Book review: Yes Sister, No Sister by Jennifer Craig
Dedication, dedication, dedication...
Life as a trainee nurse in 1950s Yorkshire was unimaginably tough...strict discipline, long hours and lots of bodily fluids!
Jennifer Craig’s entertaining memoir of her years at Leeds General Infirmary takes us back to an era when ‘Sister’ ruled the wards with a rod of iron, orders had to be obeyed and laughter was strictly forbidden.
But friendships forged under adversity are often the strongest and so there was also a warm sense of camaraderie which involved late-night study sessions, sneaked trips to the cinema and escapades with young trainee doctors.
Craig’s trip down memory lane is a tribute to the resilience and loyalty of the nursing profession, as well as a candid and amusing account of the highlights and hardships of life on the wards of a city hospital.
Her career began on a chilly day in December 1952 when she reported for duty in a thin cotton nursing dress with an uncomfortable starched collar and a cap that she could make neither head nor tail of.
On the forbidden list were jewellery, make-up, cardigans and laughter; on the must list was a willingness ‘to make nursing your whole life.’
It was a daunting prospecting for a bunch of mainly 18 to 20-year-old girls, particularly after a warning from Sister that most of them would ‘prove to be unsuitable’.
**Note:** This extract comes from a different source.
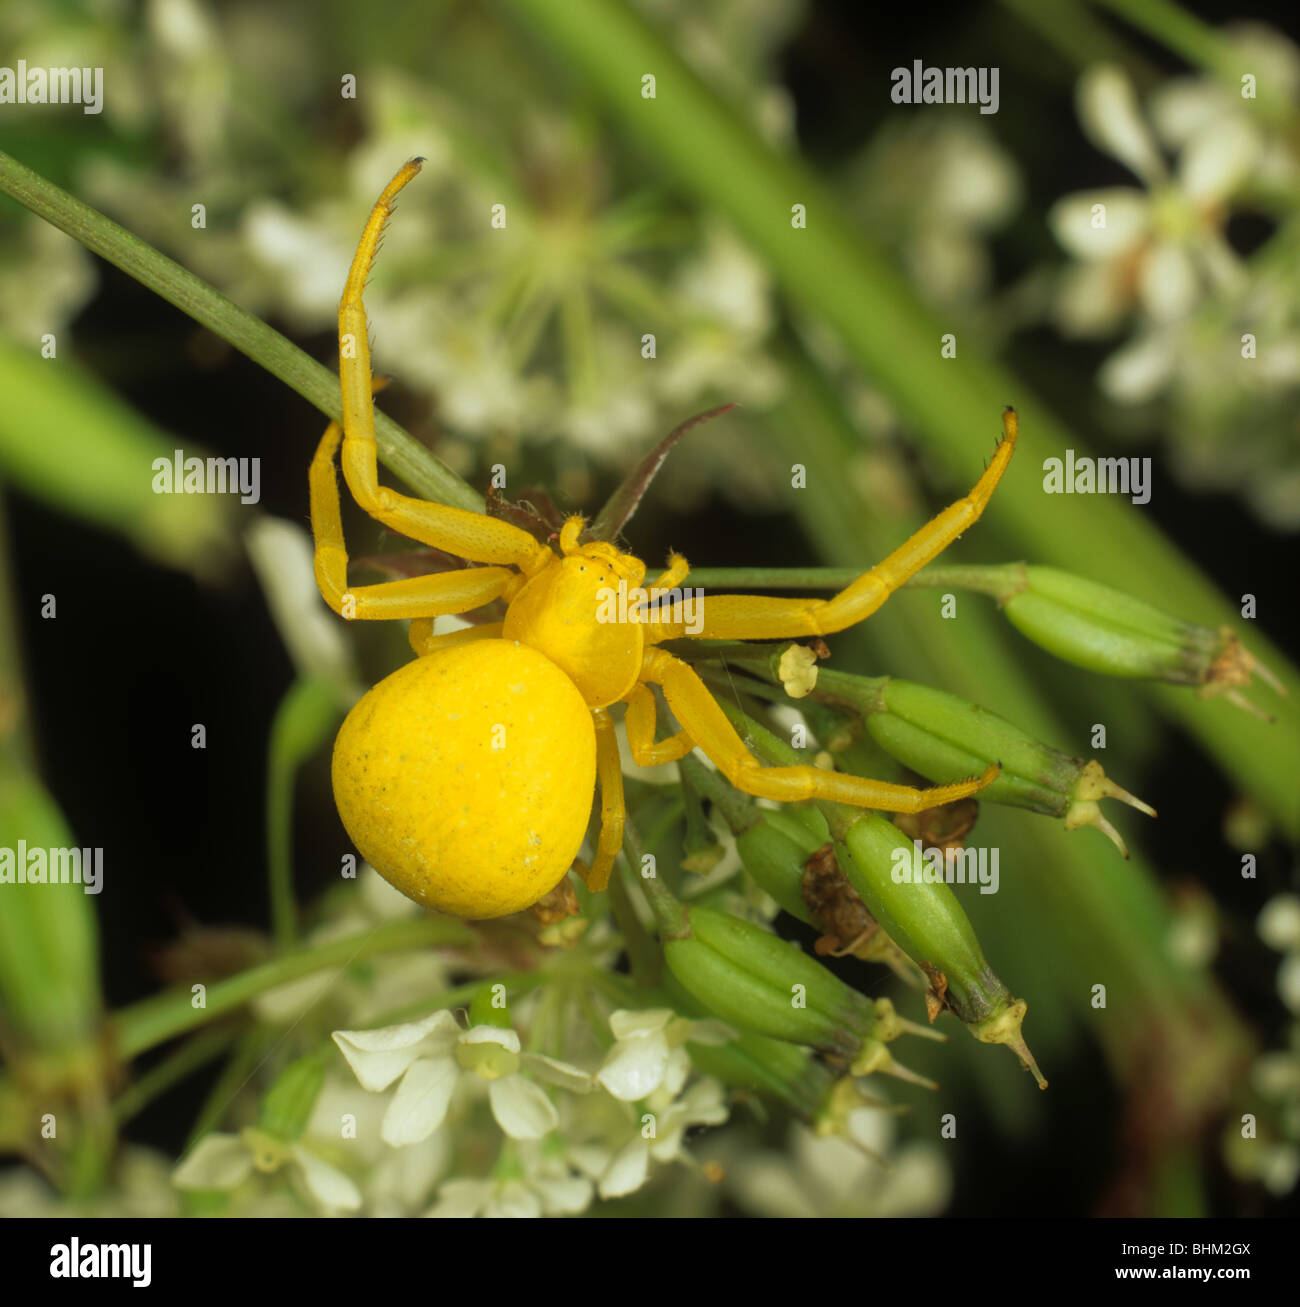 Goldenrod crab spider (Misumena vatia) waiting for prey in a umbellifer flower Stock Photo

Undeterred, Craig set about her training with enthusiasm, learning the science of making a bed, the importance of personal hygiene, the art of dressing a festering wound without feeling sick and perishing the thought that she can hope to change the world.
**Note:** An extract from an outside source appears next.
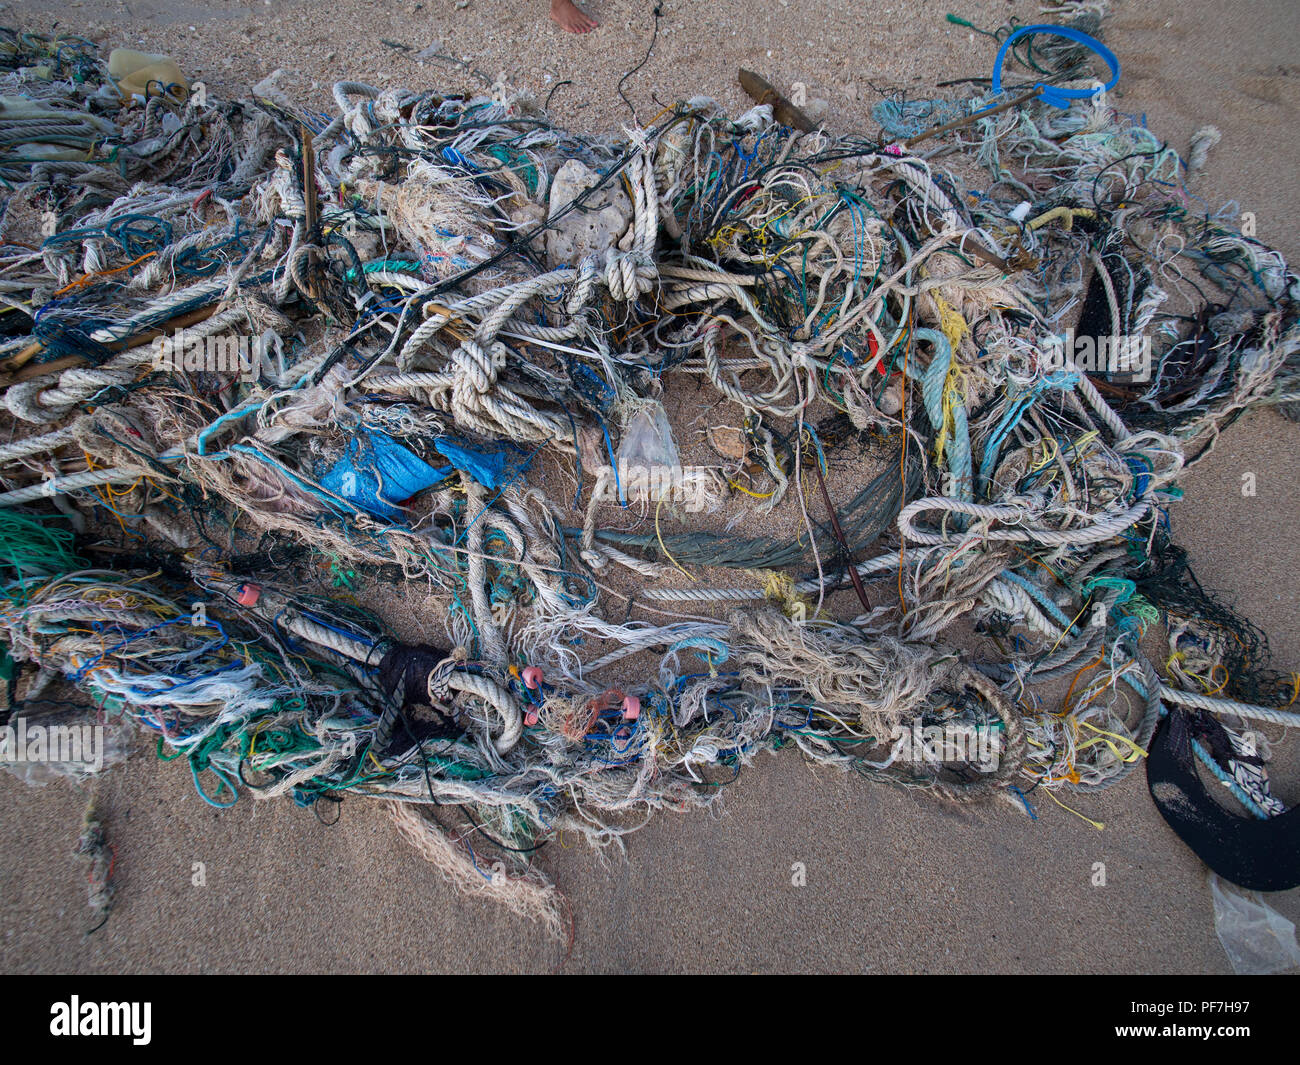 Marine debris washed up on the beach Stock Photo

The wards were a legacy of the era of Florence Nightingale, spacious, high-ceilinged cathedral-like rooms with tall windows and an emphasis on fresh air and space.
Nurses were expected to say ward prayers, cook light meals for patients, keep beds and belongings spotlessly clean, empty bedside ashtrays and remove rubbish.
In between they learned how to survive night shifts, lay out dead bodies, juggle test tubes over Bunsen burners and work in the operating theatre.
There were frustrations – bullying by sisters and having no real social life – but there were the compensations of the antics of housemen, the earthy humour of the patients, the pride in one’s competence and, above all, the delight in making sick people feel better.
In 1961, Craig emigrated to Canada where she still lives but her affectionate and humorous story is testament to the corner of her heart that still dwells in the lofty corridors of Leeds General Infirmary.